START SUPPLIED MATERIAL
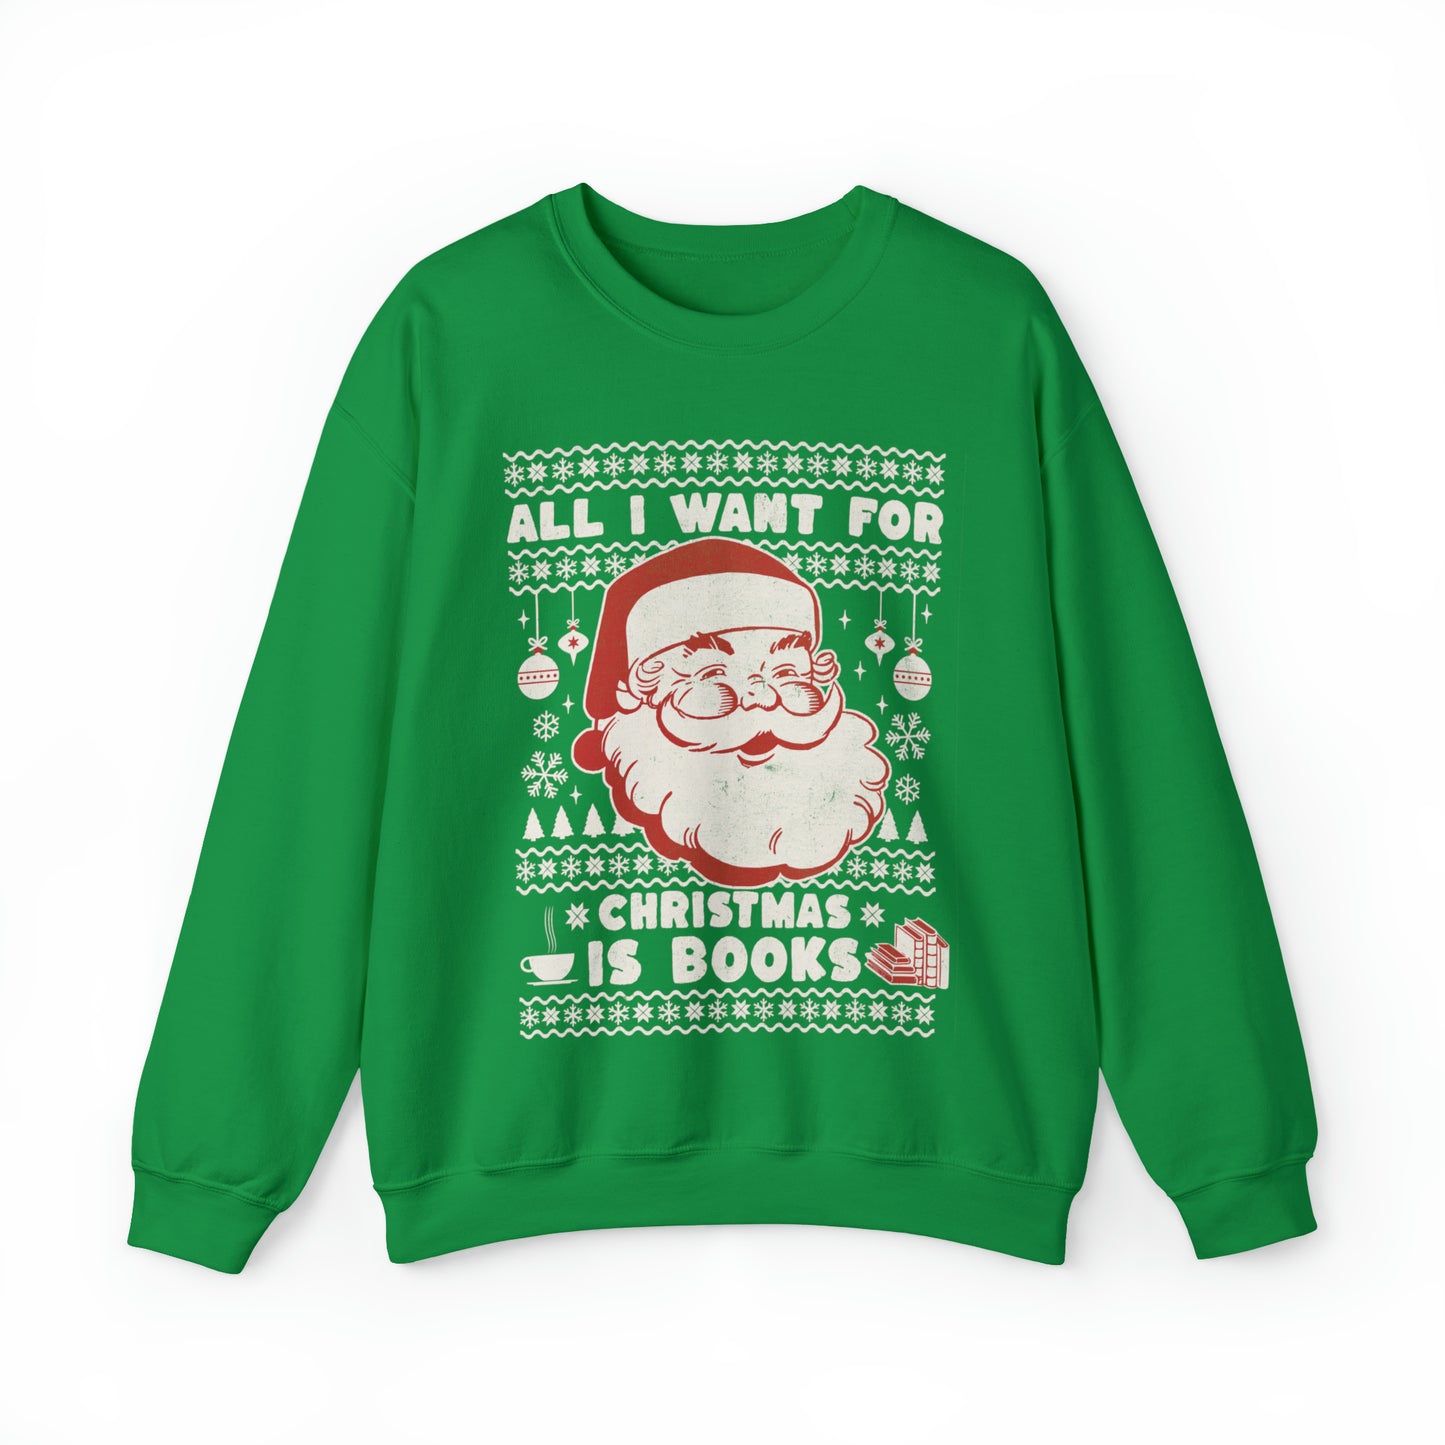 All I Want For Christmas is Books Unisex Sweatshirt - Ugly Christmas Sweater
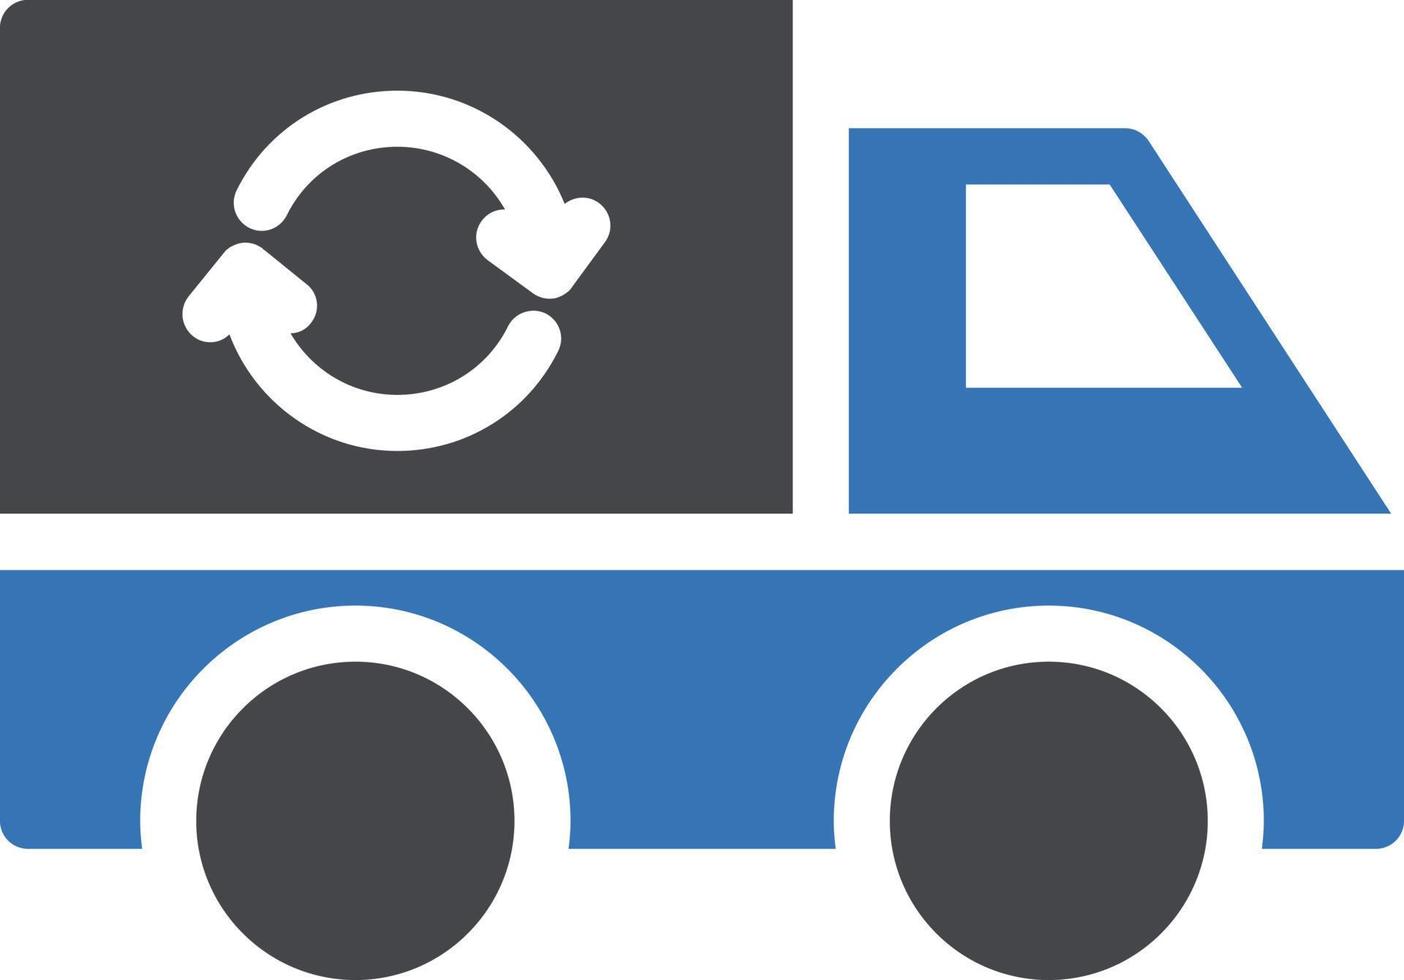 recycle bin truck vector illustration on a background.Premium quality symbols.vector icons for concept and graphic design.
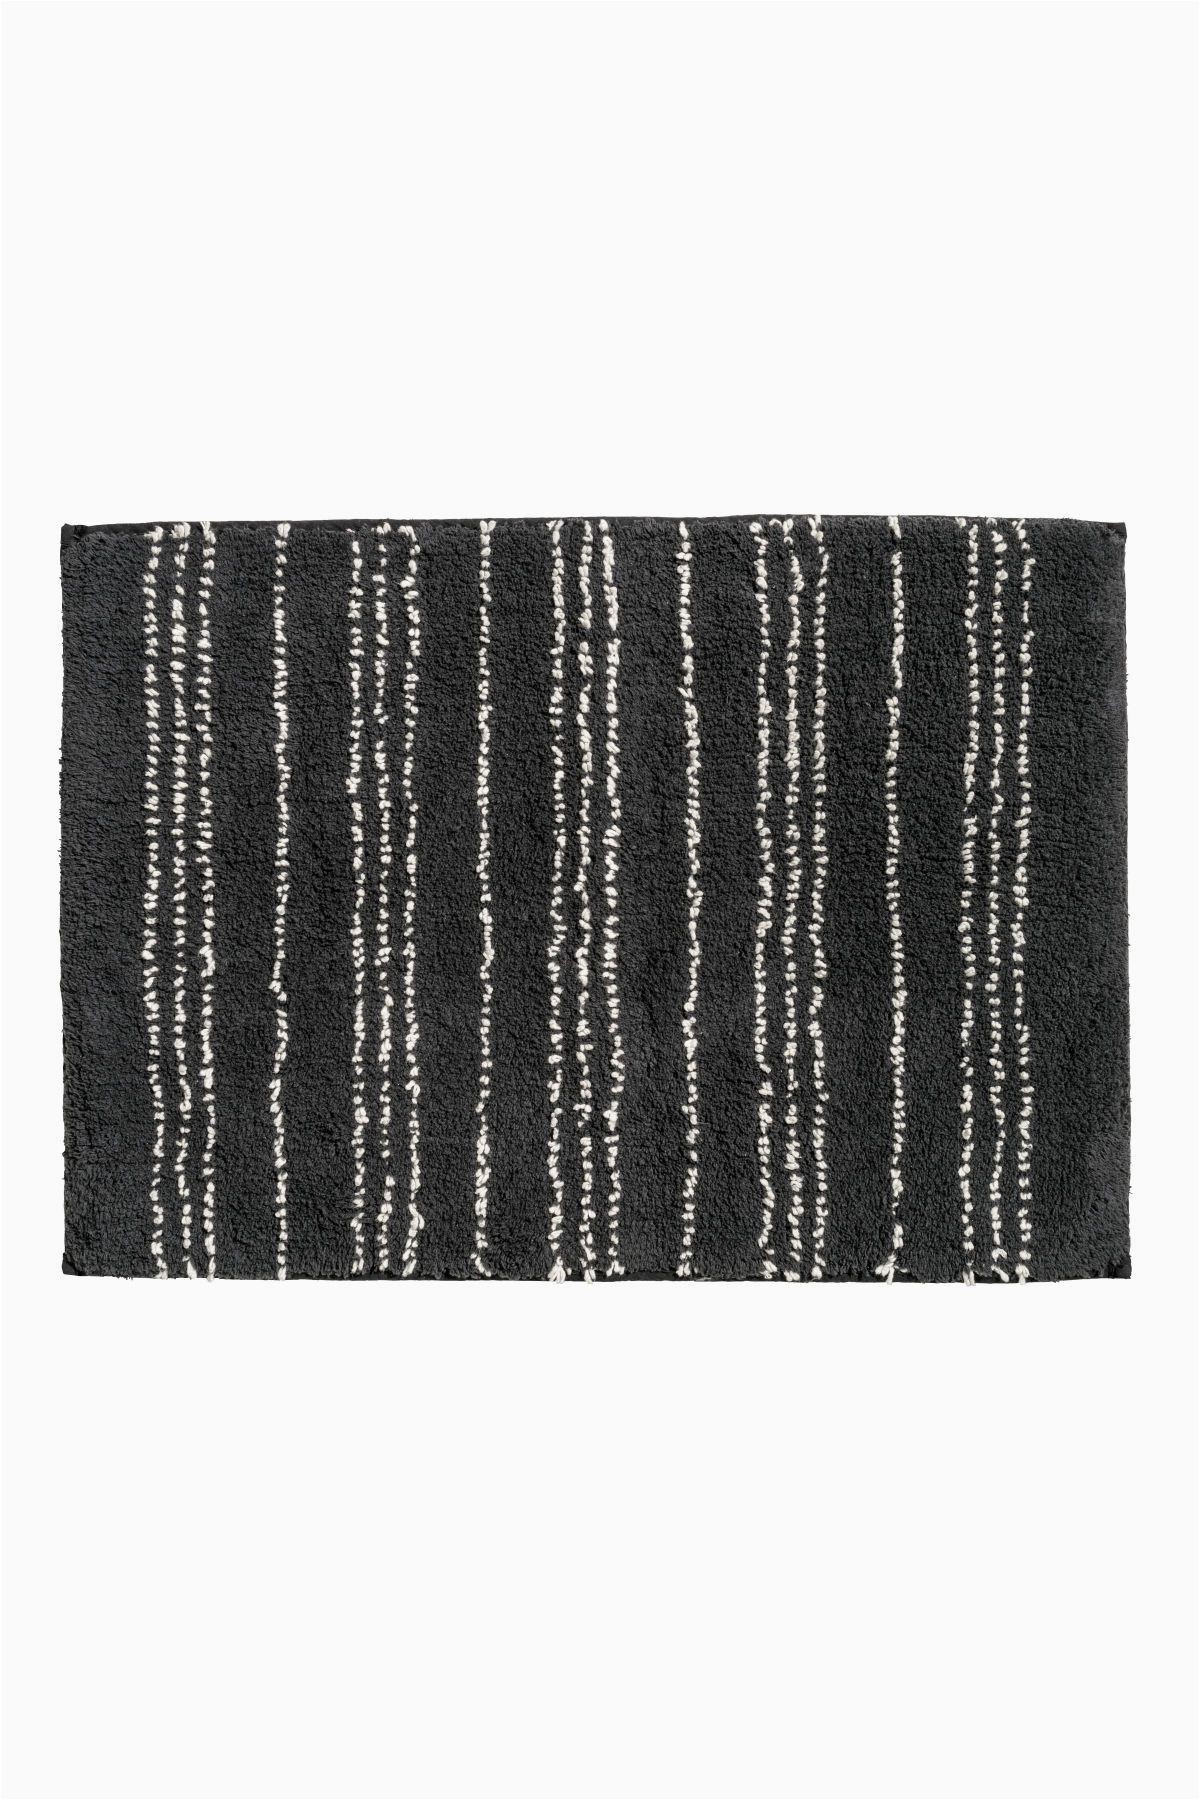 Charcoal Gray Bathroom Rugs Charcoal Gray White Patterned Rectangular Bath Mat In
END SUPPLIED MATERIAL
WHAT YOU ARE ASKED TO DO: Going from the line with "recycle bin truck" to the last line of the listing, write out each line exactly and nothing else. Leave out all pictures.

PROBLEM SOLUTION:
 recycle bin truck vector illustration on a background.Premium quality symbols.vector icons for concept and graphic design.
 Charcoal Gray Bathroom Rugs Charcoal Gray White Patterned Rectangular Bath Mat In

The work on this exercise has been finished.